Muitas coisas. Tem a ver com o produto, com a técnica, com a sustentabilidade. Sustentabilidade virou uma tendência, mas, na maioria dos casos, há pouca verdade por trás do modo como vem sendo praticada. A excelência também tem a ver com uma cozinha mais saudável. Quando digo isso, não falo de dieta, mas de saúde. Uma cozinha que não tenha muito sal, nem muita gordura. No DiverXO, nos últimos quatro anos, tiramos uma porcentagem significativa do sal e da gordura. A excelência sobretudo tem a ver com as coisas bem-feitas. Seja na cozinha ou no salão. Muitas vezes um bom prato mal servido e mal explicado pode parecer um prato normal. Já um prato normal, bem servido e bem explicado, pode parecer um prato muito bom.
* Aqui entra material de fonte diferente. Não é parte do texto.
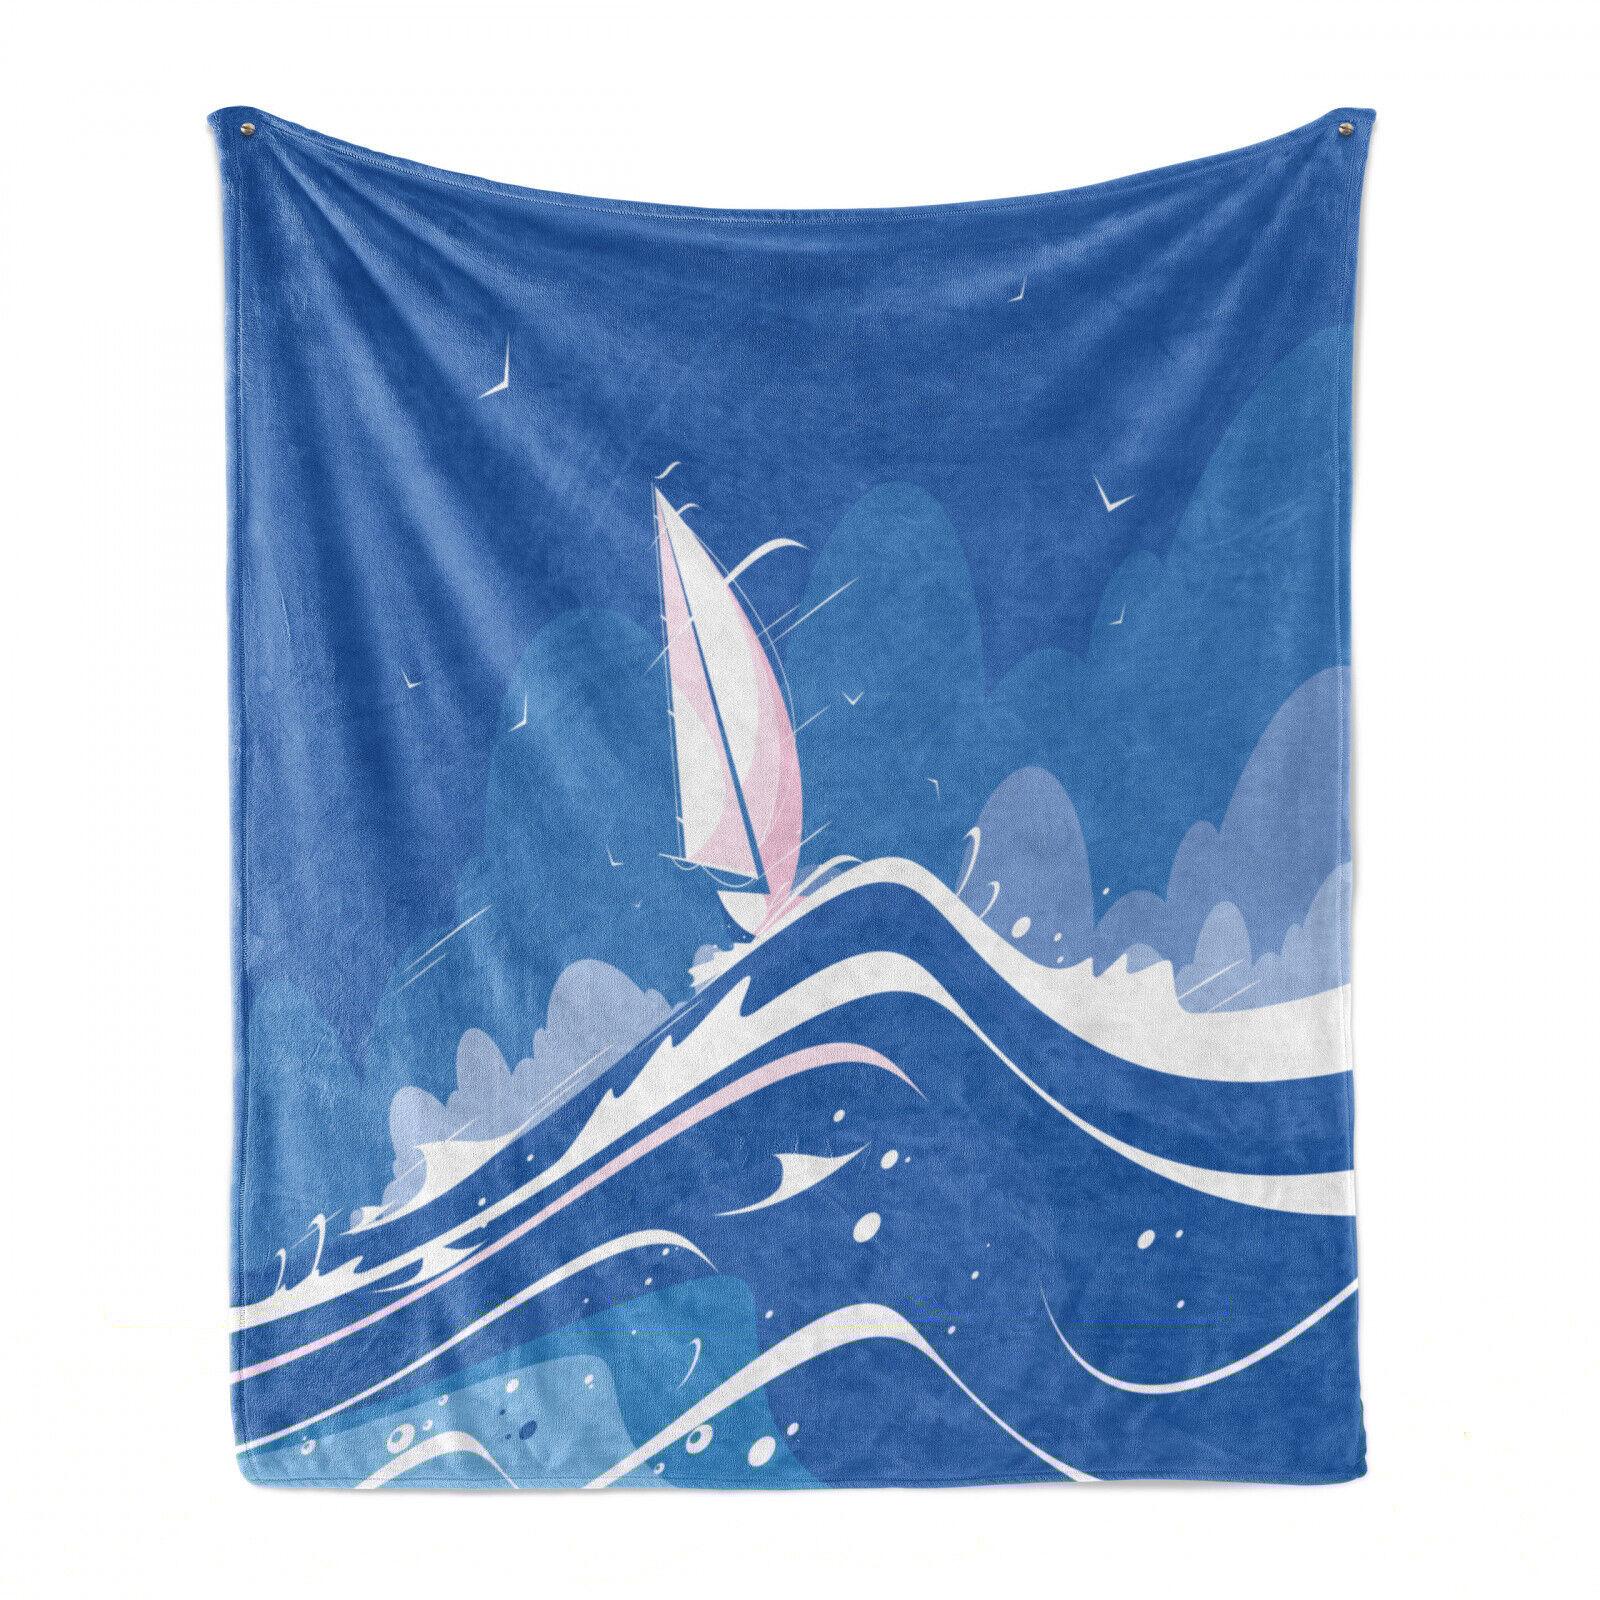 blau Wasser Weich Flanell Fleece Decke Wolken Möwen Boot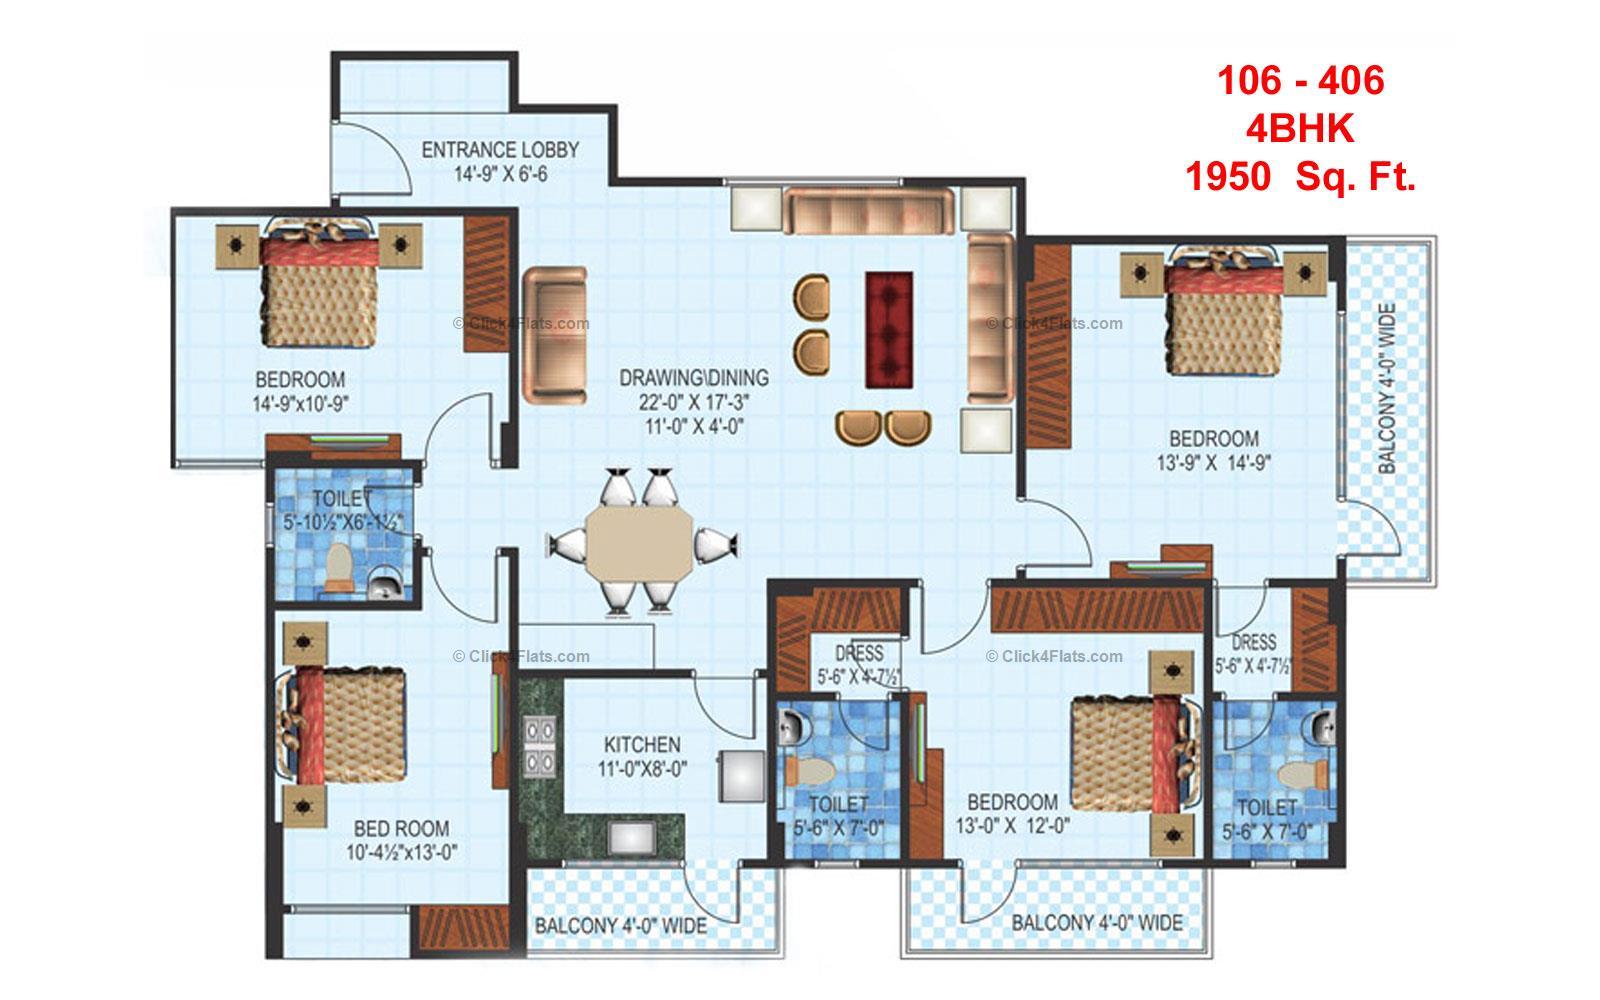 Anukampa Residency 4 BHK 1950 square feet

Por que a escolha do Corte Inglês como parceiro?
Há uns anos o diretor de comidas e bebidas me procurou para dizer que estavam criando o Gourmet Experience na loja de departamentos e me chamou para abrir um restaurante lá. Fiquei na dúvida, porque na época, o Corte Inglês era um centro comercial para pessoas mais velhas. Não atraía gente jovem. Ele me convenceu e nós fomos o primeiro restaurante de lá. Foi um sucesso. Tínhamos um corner com a música a todo o volume e os clientes antigos se queixavam. Mas tínhamos liberdade. Hoje, estamos em dois endereços. É uma marca potente da Espanha, que tem se modernizado muito e acho que faremos mais coisas juntos.
Qual será a próxima revolução culinária?
Não sei. Ultimamente tenho ouvido falar que não há mais nada para descobrir.... Não é verdade, há muito ainda a ser descoberto. De qualquer forma, não podemos dizer que existem oito vanguardas culinárias por vez. Porque vanguarda pode existir uma, duas ou três. Este ano abriremos um novo DiverXO, em um bosque, a 20 minutos de Madri. Nossa intenção é que seja o melhor restaurante da história -- o mais criativo, o mais único, o mais disruptivo. Colocaremos todas as nossas energias para redefinir o DiverXO e deflagar uma nova revolução.